Facebook has warned that it can't offer any assurance that social media is on balance good for democracy, but the company says it is trying to do what it can to stop alleged meddling in elections by Russia or anyone else.

In new blog post, company again addresses concerns its platform has been used to meddle in elections

"I wish I could guarantee that the positives are destined to outweigh the negatives, but I can't," Samidh Chakrabarti, a Facebook product manager, wrote in his post. (Toby Melville/Reuters)

Facebook has warned that it can't offer any assurance that social media is on balance good for democracy, but the company says it is trying to do what it can to stop alleged meddling in elections by Russia or anyone else.

The sharing of false or misleading headlines on social media has become a global issue, after accusations that Russia tried to influence votes in the United States, Britain and France. 

Moscow denies the allegations. 

Facebook, the largest social network with more than two billion users, addressed social media's role in democracy in blog posts from a Harvard University professor, Cass Sunstein, and from an employee working on the subject. 

"I wish I could guarantee that the positives are destined to outweigh the negatives, but I can't," Samidh Chakrabarti, a Facebook product manager, wrote in his post on Monday. 

Facebook, he added, has a "moral duty to understand how these technologies are being used and what can be done to make communities like Facebook as representative, civil and trustworthy as possible." 

Contrite Facebook executives were already fanning out across Europe this week to address the company's slow response to abuses on its platform, such as hate speech and foreign influence campaigns.

U.S. lawmakers have held hearings on the role of social media in elections, and this month Facebook widened an investigation into the run-up to Britain's 2016 referendum on EU membership. 

Chakrabarti expressed Facebook's regrets about the 2016 U.S. elections, when according to the company Russian agents created 80,000 posts that reached around 126 million people over two years.

The company should have done better, he wrote, and he said Facebook was making up for lost time by disabling suspect accounts, making election ads visible beyond the targeted audience and requiring those running election ads to confirm their identities.

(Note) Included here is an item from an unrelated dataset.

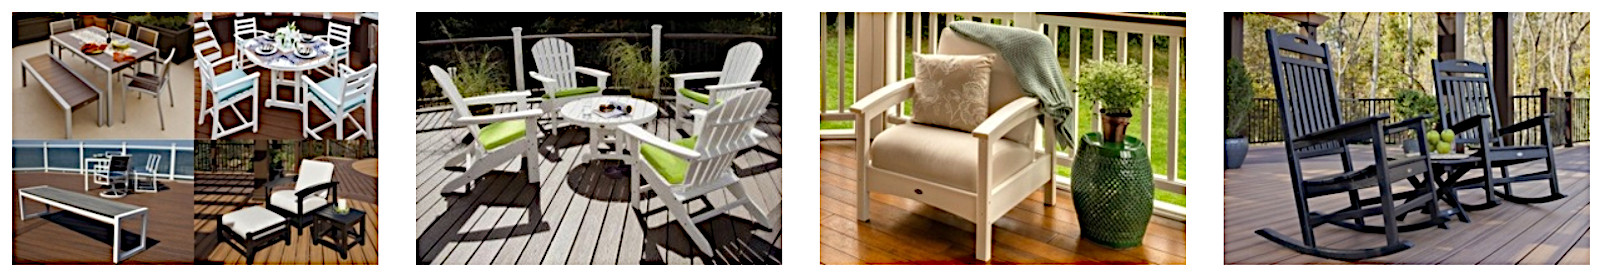 Enhanced Trex outdoor furniture

Twitter and Alphabet's Google and YouTube have announced similar attempts at self-regulation. 

Chakrabarti said Facebook had helped democracy in ways, such as getting more Americans to register to vote. 

Sunstein, a law professor and Facebook consultant who also worked in the administration of former U.S. President Barack Obama, said in a blog post that social media was a work in progress and that companies would need to experiment with changes to improve.